瘴气(2 / 2)
遮挡在前路的阻隔物都被灵活的肢体闪掠过,好像身体托管给了世界之外的某个高玩操纵,絮甜再拥有身体掌控权时,业已腾跃而起翻过了那道竹篱笆。
她把防毒面具扯下来,疲软了的四肢使她整个人都匍匐在地上,冰冷了的手掌摁着防毒面具擦过深棕色的土地,心脏跳得快到不可思议,喉咙皴裂般剧痛着。
用尽力气把脑袋往上擡,絮甜视线所及的是没有薄雾遮掩的青黑的瓦,以及底下由红石砖叠造砌成的墙壁。

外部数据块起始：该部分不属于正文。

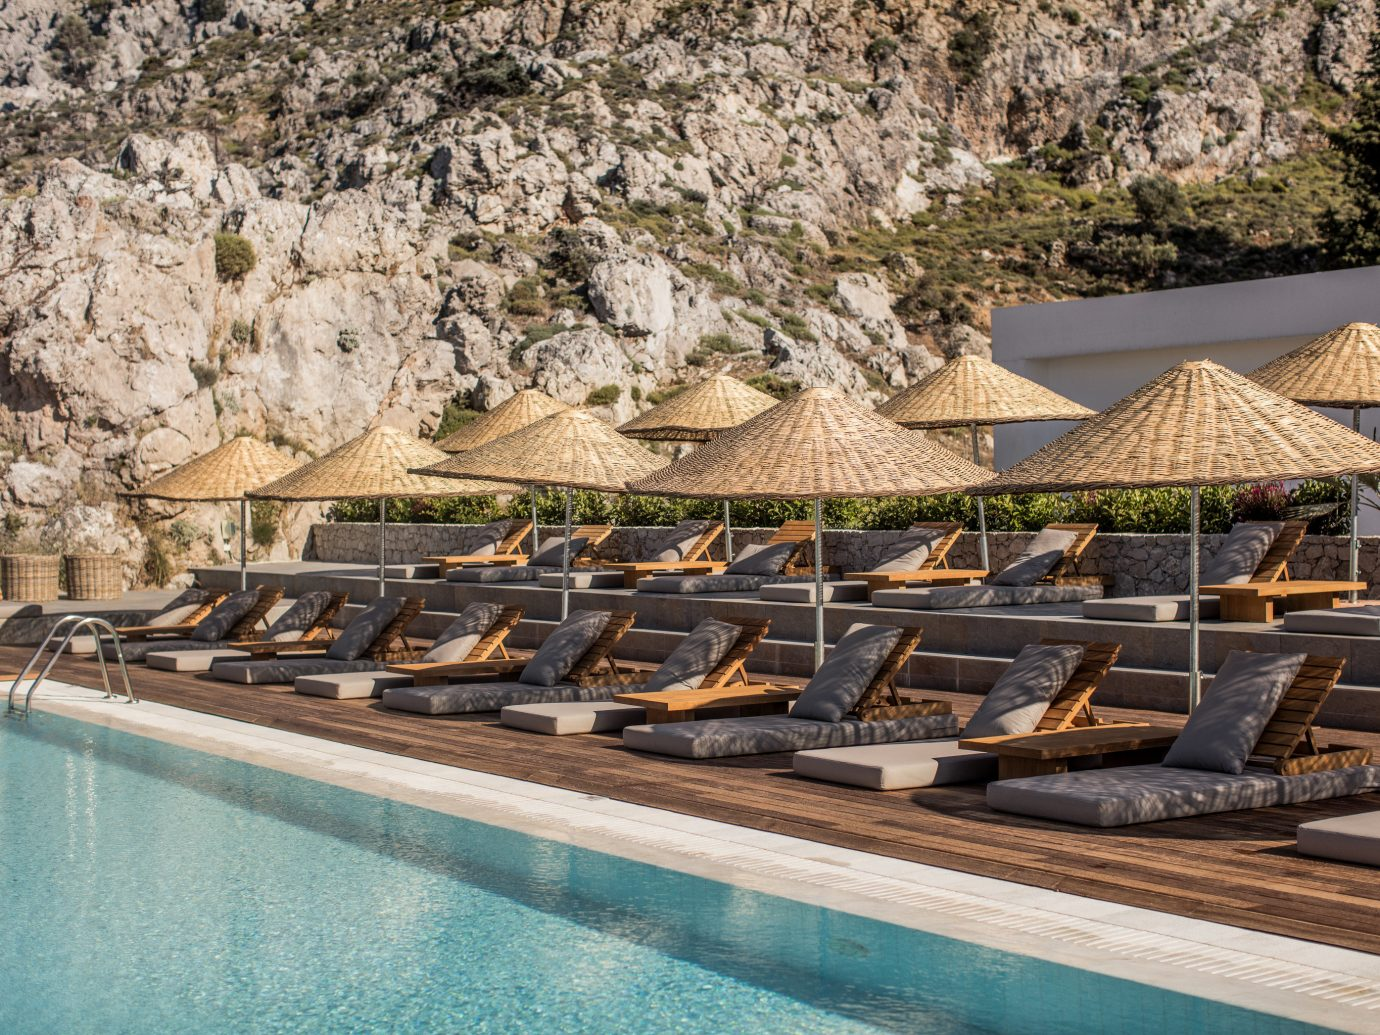 Hotels outdoor swimming pool Resort Nature Pool Boat
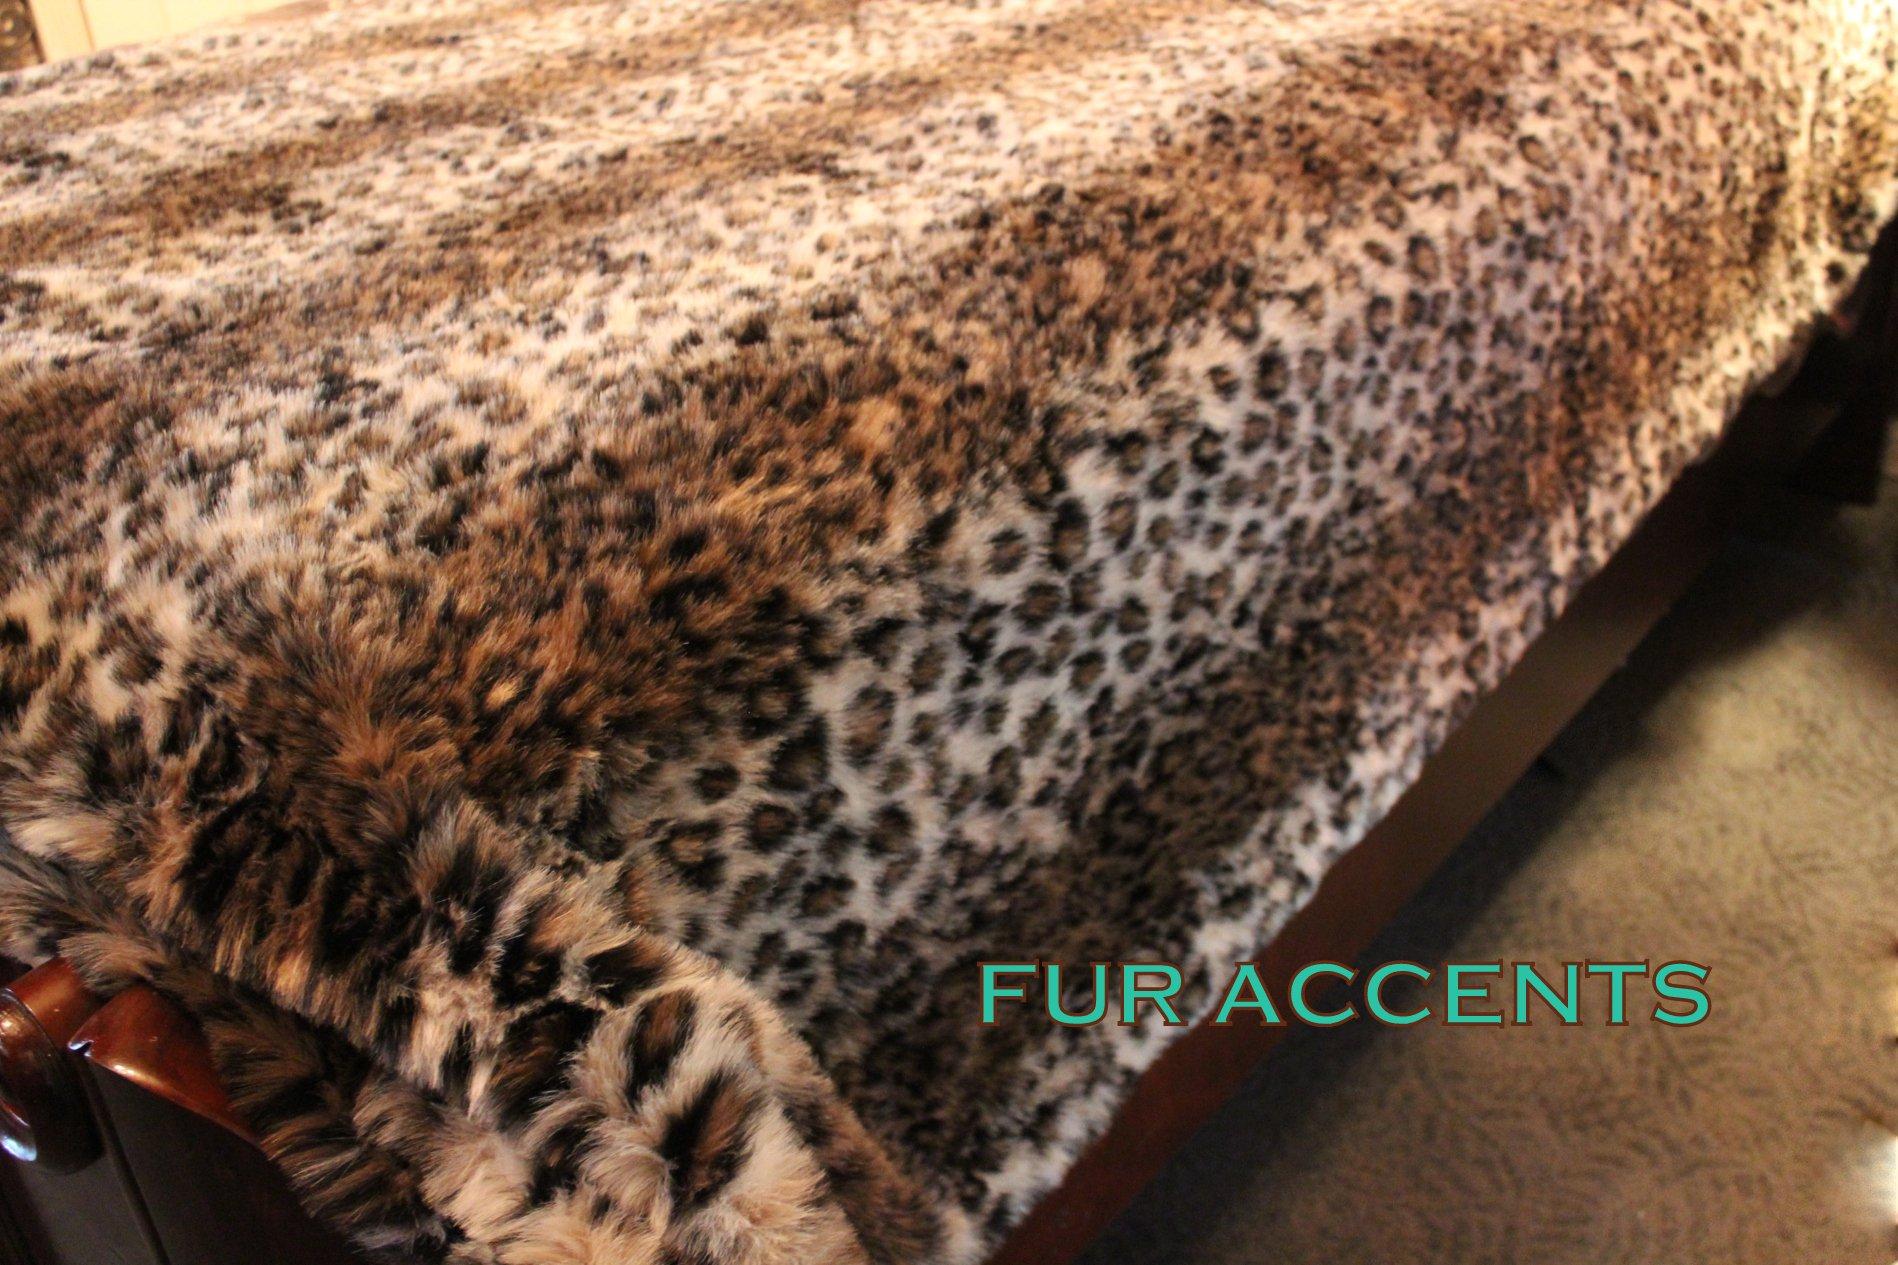 Fur Accents Faux Fur King Size Bedspread / Throw Blanket / Leopard /96'' X 120'' King Size

渐渐的,那消散去的白雾似乎都跑进了她的眼里,模糊的世界最终化作一片昏黑,脑袋砸向了看似湿润的土壤,还未陷入偃蹇中的耳朵依稀听见了乡音浓重的锐喊:“……生人咧!”
窅冥的世界,郁重黐腻的黑雾舔舐她的肌肤,想把它们都拂开,却始终无法革除那些贴覆在身体上的湿冷,大脑在不断地朝着深处坠落,她奋力地伸举着胳膊,张开手掌想要抓住些什么。
可怎么拨摆,都逃不出令人犯秽的雾海。
感觉四肢都被折断,失去了手与腿的管控权,恍惚中以为自己被做成了人彘。
直到于朦胧中听见了熟悉的声音——
“唉,不知道絮甜妹妹还要昏睡多久才能醒过来。”忧切难匿的语气,从前清飒的声线又转作了低迷。
婳姐?
“她的身体超负荷运转,这次是我失策,没料到那片瘴气里的鬼物会只抓着她不放。”润朗的嗓音嵌进了自责懊悔的腔调里,仿若是把一块剔透的翡翠砸进了黏稠的液体中。
这是……沈夷则。
原本消极地躺在雾海中放弃了挣扎任由自己跌坠的絮甜俶尔焕发了生气,她悬紧了一颗心,不断地催着自己的理智朝上攀爬,逼迫自己爬向清醒的境域。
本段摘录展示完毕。